Фон Хельрунг вздохнул.
– Значит, британцы замешаны… и русские. Кто еще?
– Не считая нас– а нас я считать пока не хотел бы, во всяком случае, еще какое-то время – никто, – мрачно сказал Уортроп. – Я не хотел в это верить. Когда меня в первый раз привезли в Хэнвелл, я укрепился в наивной убежденности в том, что Аркрайт наверняка работает на русских – двойной агент, изменник родине, – и за эту фантазию я до поры храбро цеплялся. В первый месяц моих безумных каникул я написал более сорока писем – ни одно из которых, очевидно, не достигло адресата. Кто-то явно должен был их перехватывать, и мне сложно поверить, что почтовые ведомства Англии и Соединенных Штатов – в руках Охранки. Шесть из этих отчаянных посланий я вручил управляющему лично в руки. Возможно, он и был на службе у царя, но пора нам отбросить ребячество, мейстер Абрам, и признать, что в вопросах, связанных с вещами вроде магнификума, нет предела вероломству людей и наций – даже людей, подобных управляющему, и наций, подобных Великобритании.

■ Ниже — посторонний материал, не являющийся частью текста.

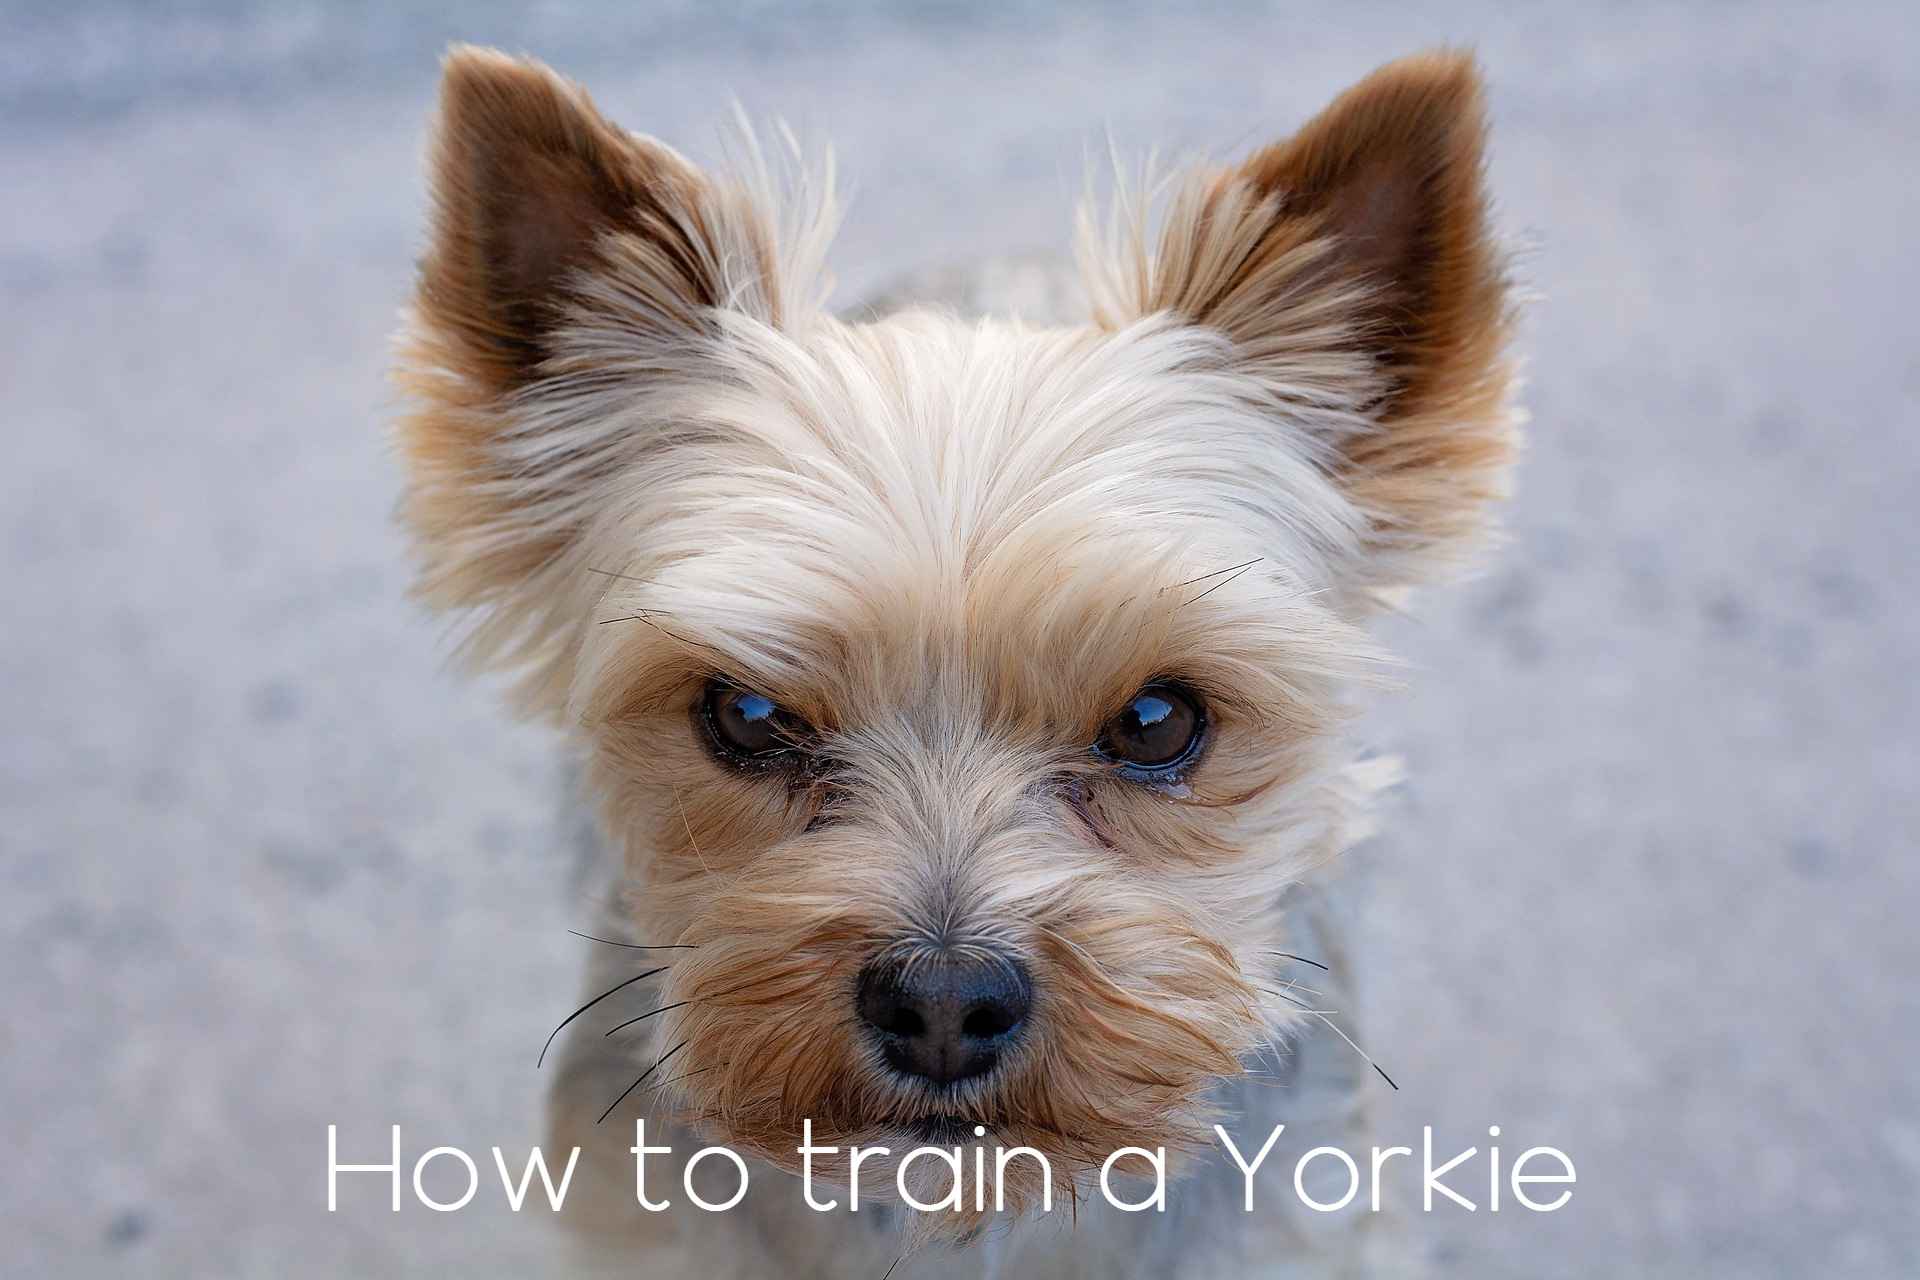 How to train a Yorkie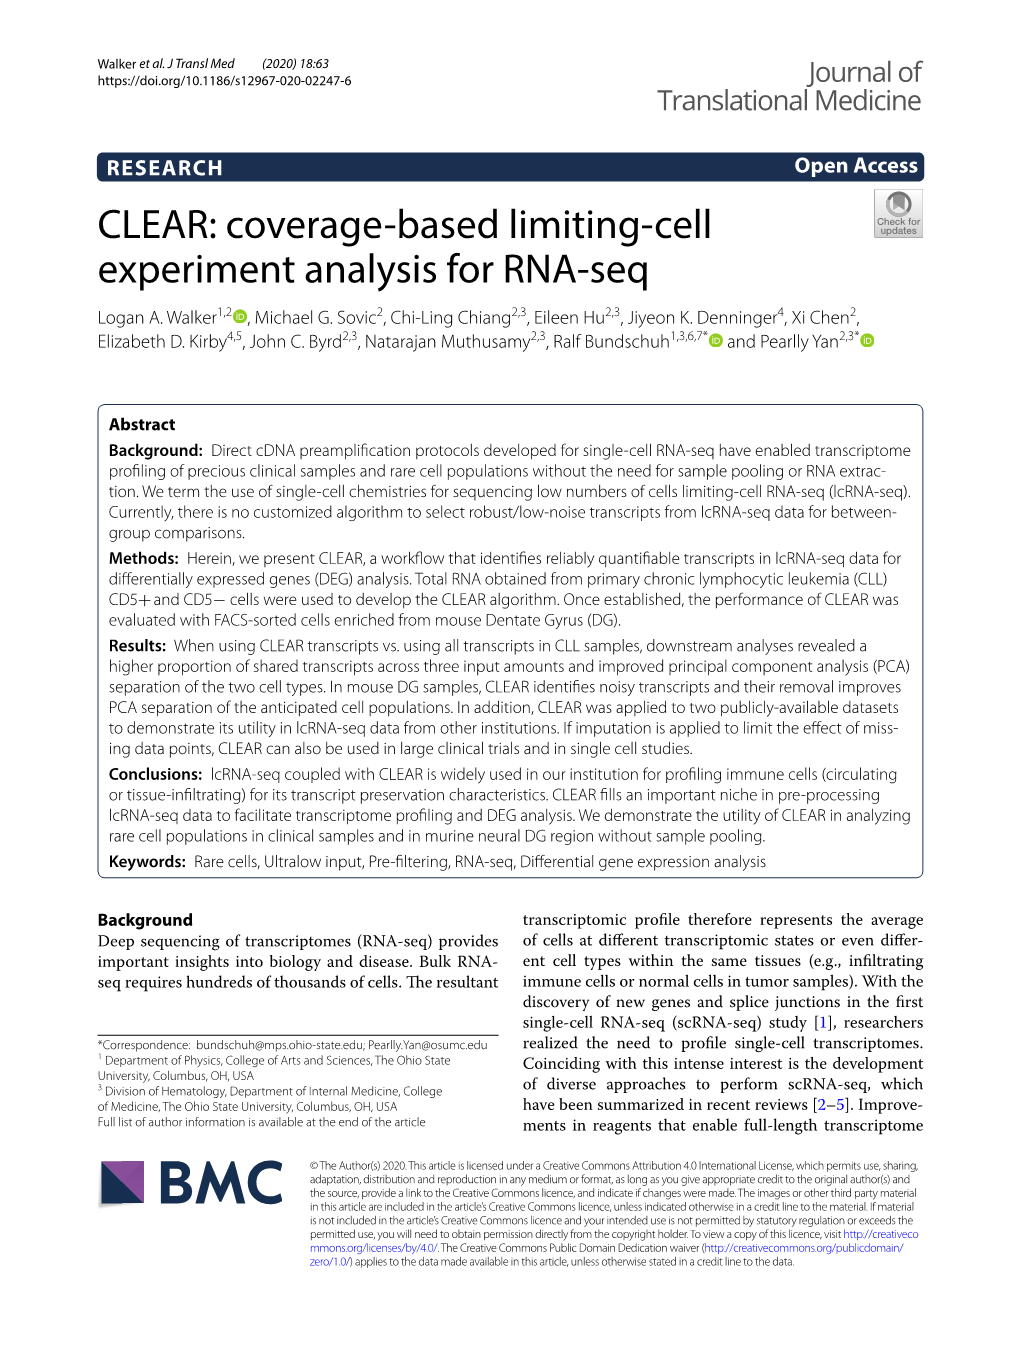 CLEAR: Coverage-Based Limiting-Cell Experiment Analysis for RNA-Seq

– Увы, милый Пеллинор, я прожил очень долгую жизнь – и мне еще только предстоит познать этот предел.
Мы остановились, и кэбмен громко провозгласил:
– Приехали, начальник! Площадь Пикадилли.
– Отель «Грейт Вестерн» у вокзала Паддингтон, кучер. И как можно быстрее, пожалуйста! – крикнул Уортроп. Он улыбнулся сдавленным проклятиям кэбмена, последовавшим, когда мы вновь тронулись к месту, откуда и начался наш вояж.
– Мы ездим кругами, – констатировал фон Хельрунг.
– Ездили, – ответил доктор. – Но на сегодня с этим все! Это последний наш вечер в глуши, мой старый учитель, наше изгнание подошло к концу. У меня есть ответ; я знаю, откуда дует ветер, и нашел, где спрятан Святой Грааль.
Часть двадцать пятая
«Двипа Сукхадхара»
Фон Хельрунг с исказившимся лицом отвернулся от друга.
– Вам не стоит так его называть.
– Почему? – монстролог, казалось, был искренне озадачен.
– Ему не следует так зваться, – яростно настаивал старик. На глаза ему навернулись слезы.
– Где он? – спросил я. – Откуда взялось гнездовище? – главный вопрос слишком долго оставался без ответа.
Лицо Уортропа сияло триумфом.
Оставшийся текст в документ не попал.